[Material for the task — start]

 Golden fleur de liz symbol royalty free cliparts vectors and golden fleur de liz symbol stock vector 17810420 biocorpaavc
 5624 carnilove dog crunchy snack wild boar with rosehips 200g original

[Material for the task — finish]
[Material for the task — start]

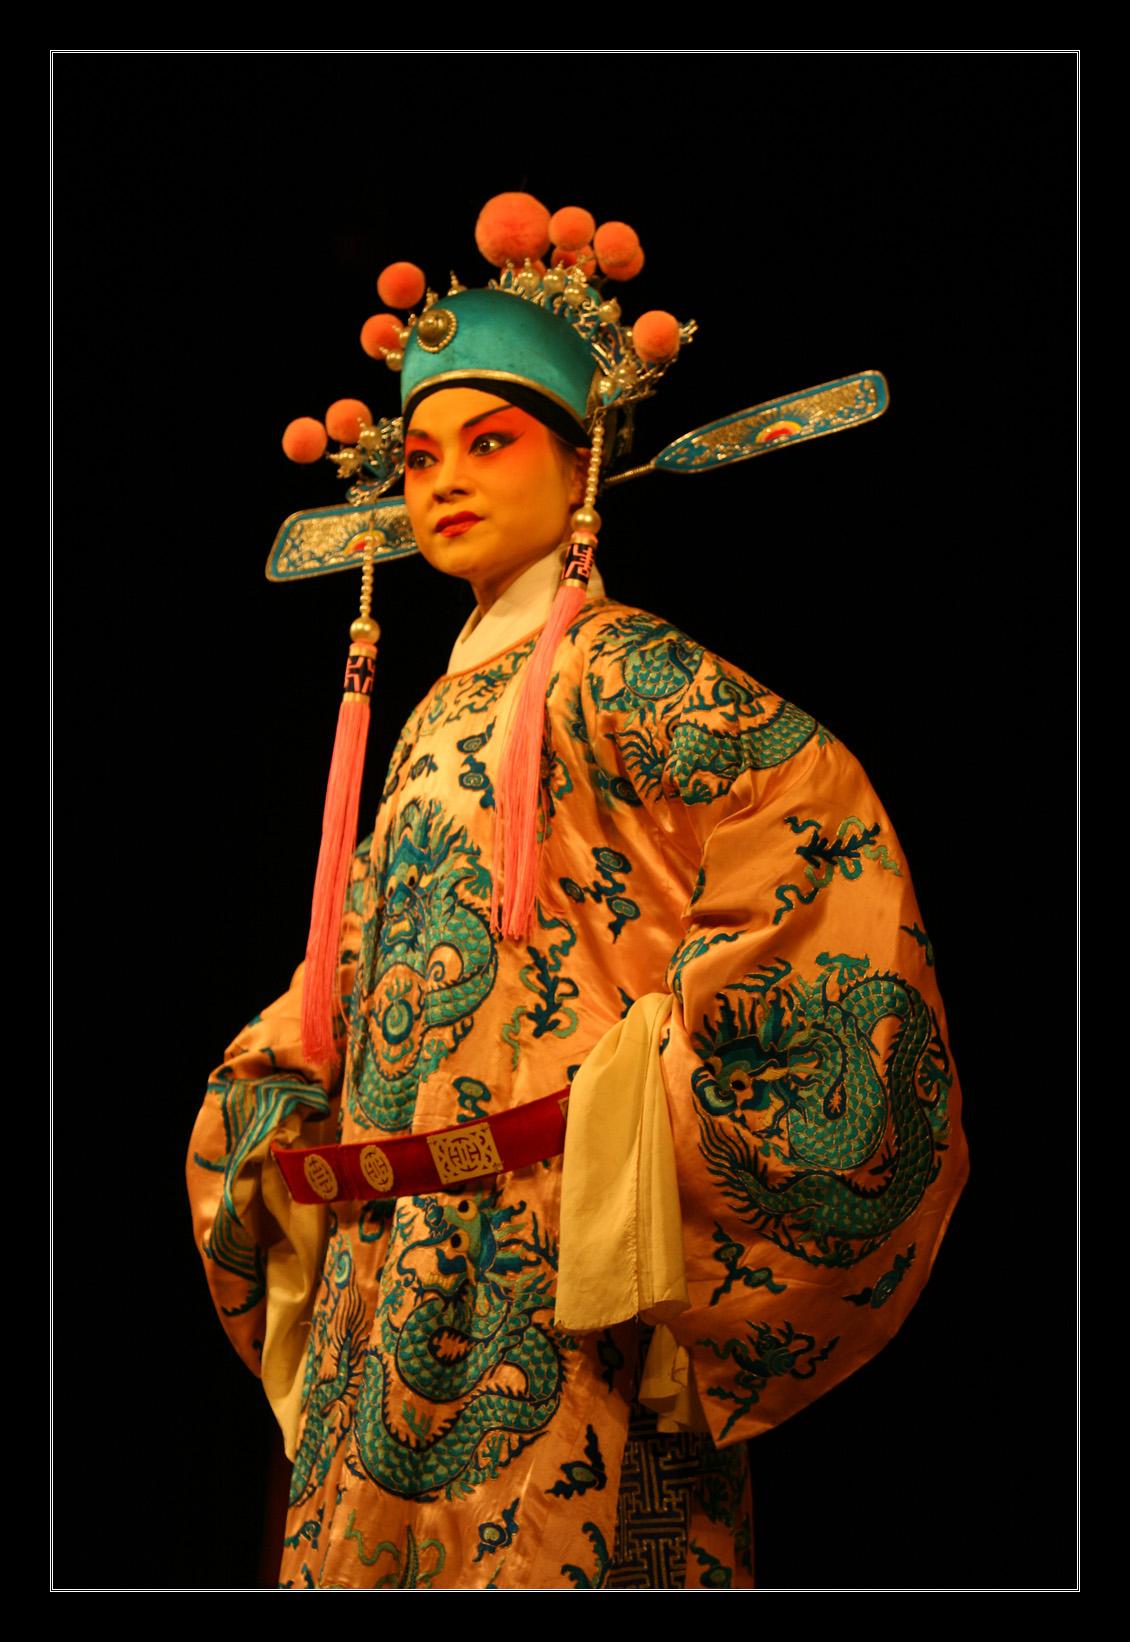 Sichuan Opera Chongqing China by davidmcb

[Material for the task — finish]
[Material for the task — start]

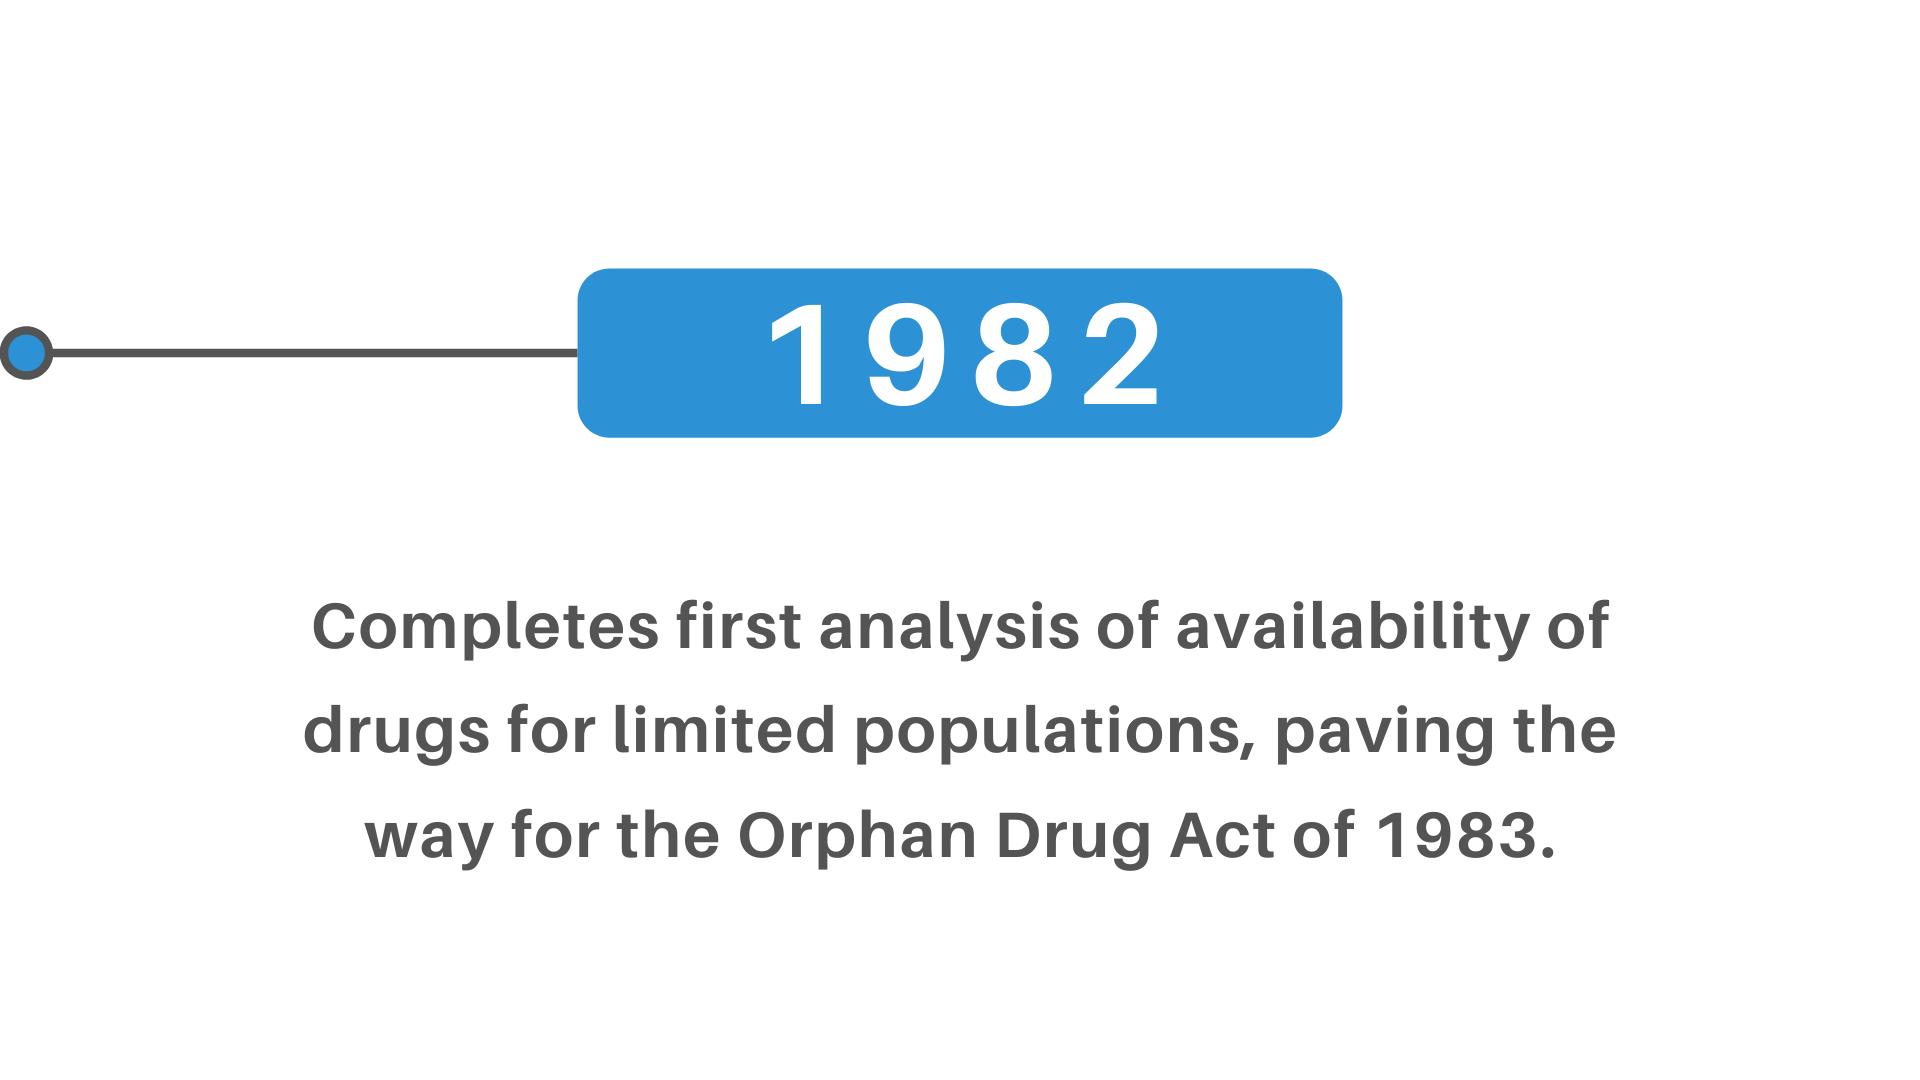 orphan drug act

[Material for the task — finish]

- Exercise -
Reproduce exactly, and with no other material, the lines between those holding "Golden fleur de liz symbol royalty" and "5624 carnilove dog", inclusive.

- Result of the task -
 Golden fleur de liz symbol royalty free cliparts vectors and golden fleur de liz symbol stock vector 17810420 biocorpaavc
 5624 carnilove dog crunchy snack wild boar with rosehips 200g original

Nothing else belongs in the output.